監視の行き届いていないところで紙を無断でコピーして配布されてしまう、誰かに勝手に手渡されてしまうなどのリスクがあります。どこかに捨てる、忘れるなどして、見知らぬ誰かの手に渡ってしまうこともあり得ます。デジタルデータのセキュリティについては、機密情報を社外に出さないためのデバイスコントロールや、データの暗号化、ファイルの失効機能などを搭載した製品が多数存在し、情報漏えいのリスクを減らし、データ活用の安全性を担保することができます。

遠隔地の人、複数の人への配布

紙の資料や書籍は、遠隔地にいる人には、自分が移動してハンドキャリーで届けるか、郵送するくらいしかありません。
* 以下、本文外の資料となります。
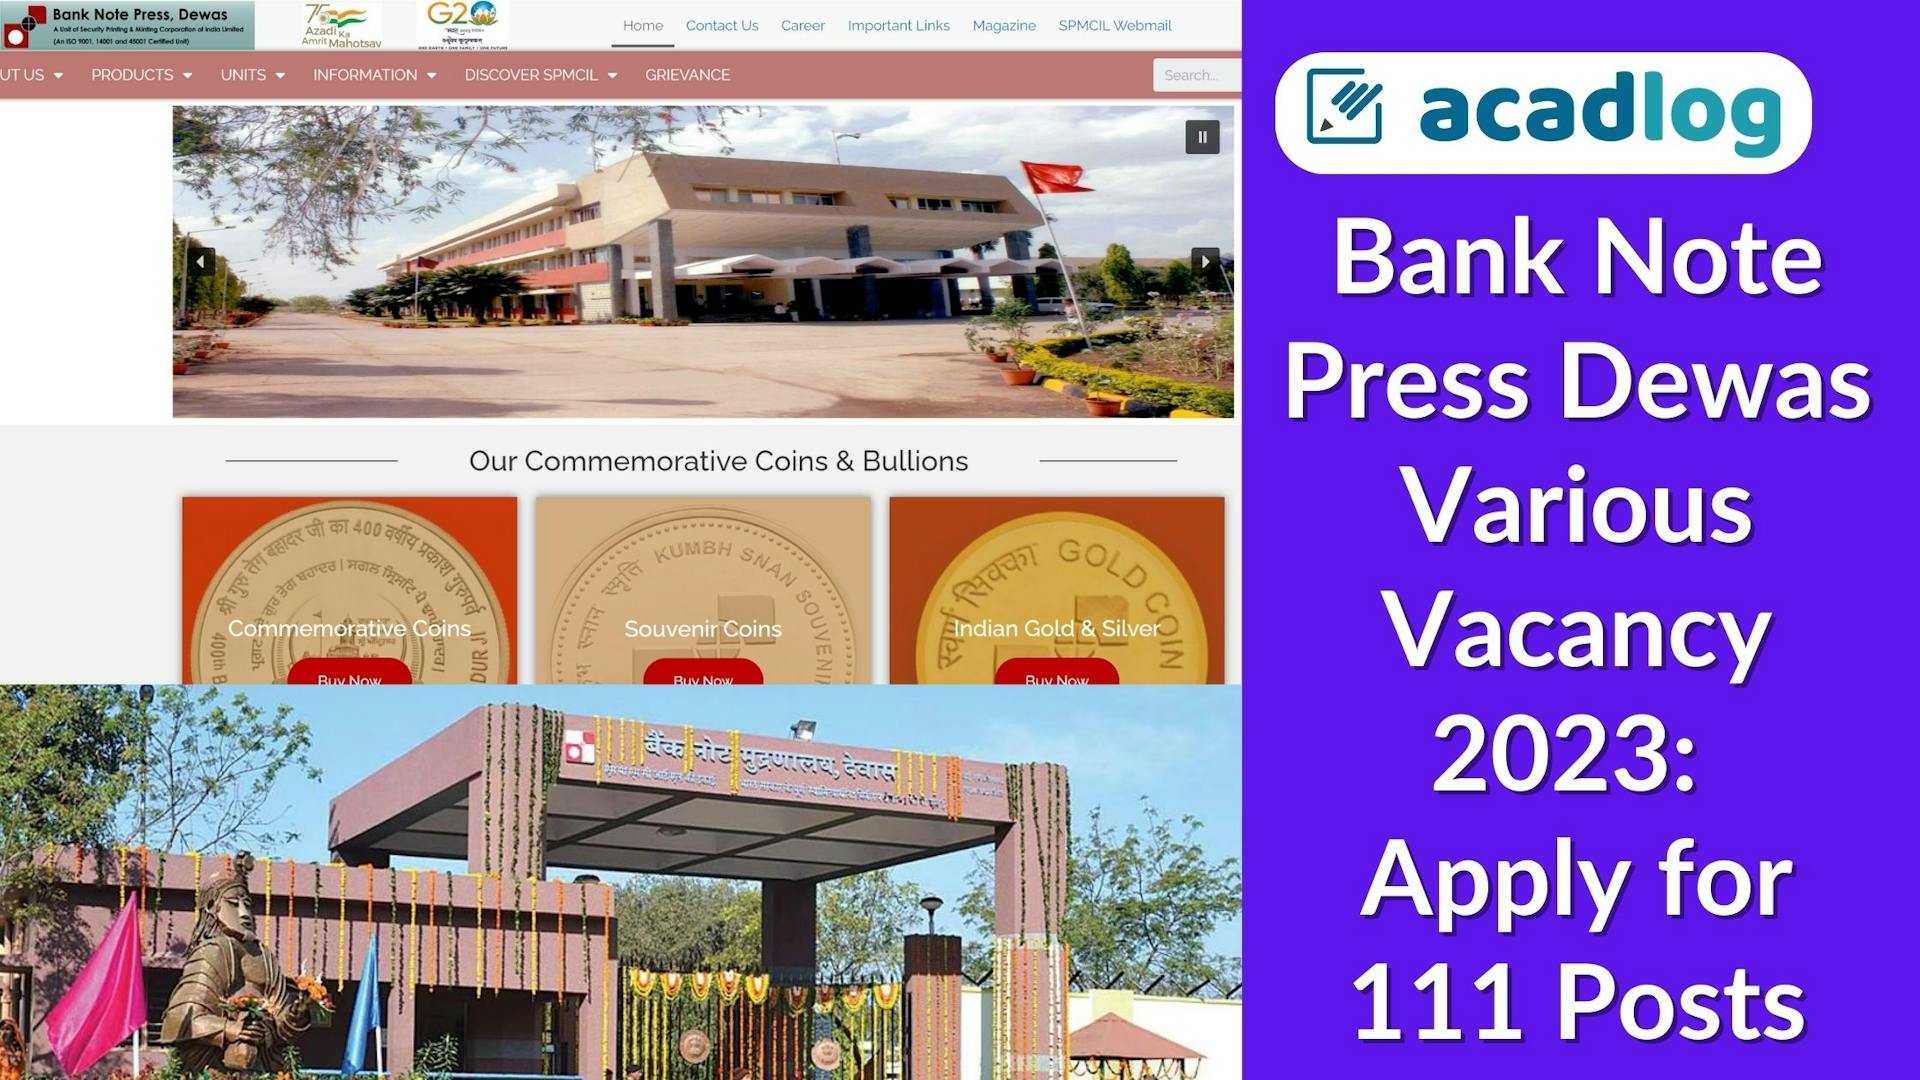 Bank Note Press Dewas Various Vacancy 2023: Apply for 111 Posts

また、拡散力は、単純に紙の枚数や、ばらまく手段の力(流通)が大きく左右してしまいます。デジタルならば、共有や送付も電子的に行うことができるので、一瞬で行うことが可能です。

紙とデジタル、両方の利点を生かしたい

紙は、「五感を生かしたい場面」に有効です。特に、芸術分野や手作業では、紙である利点が生かせる部分が多いといえます。パソコンやモバイルデバイスを必要としないので、誰でも手軽に参照できるのは大きなメリットです。また、電気や電波の届きにくい地域や災害時での活用も考えられます。

デジタルでの資料配布は、紙だと難しい版の管理、資料の差し替え、有効期間の設定などが簡単にできるメリットがあります。管理が簡単になれば、作業効率も上がるので、残業の削減、働き方改革にもつなげることができます。もちろん、印刷や保管のためのコストも削減できます。

双方のメリットを活かすシーンとして、たとえば、お客様先に営業に行く場合を考えてみましょう。営業担当者が持参したパソコンでプレゼンテーションを行い、後日、お客様が参照するための紙のカタログをお渡しするケースがあります。プレゼンデータがデジタルであれば、アニメーションや動画などを使ってわかりやすく説明ができます。一方で、後でお客様が参照するカタログが紙ならば、PCなどを必要とせず、気軽に見ていただけるメリットがあります。このように、シーンに合わせた形で紙(アナログ)の良さを生かしながらデジタルを上手に活用すれば相乗効果が得られるでしょう。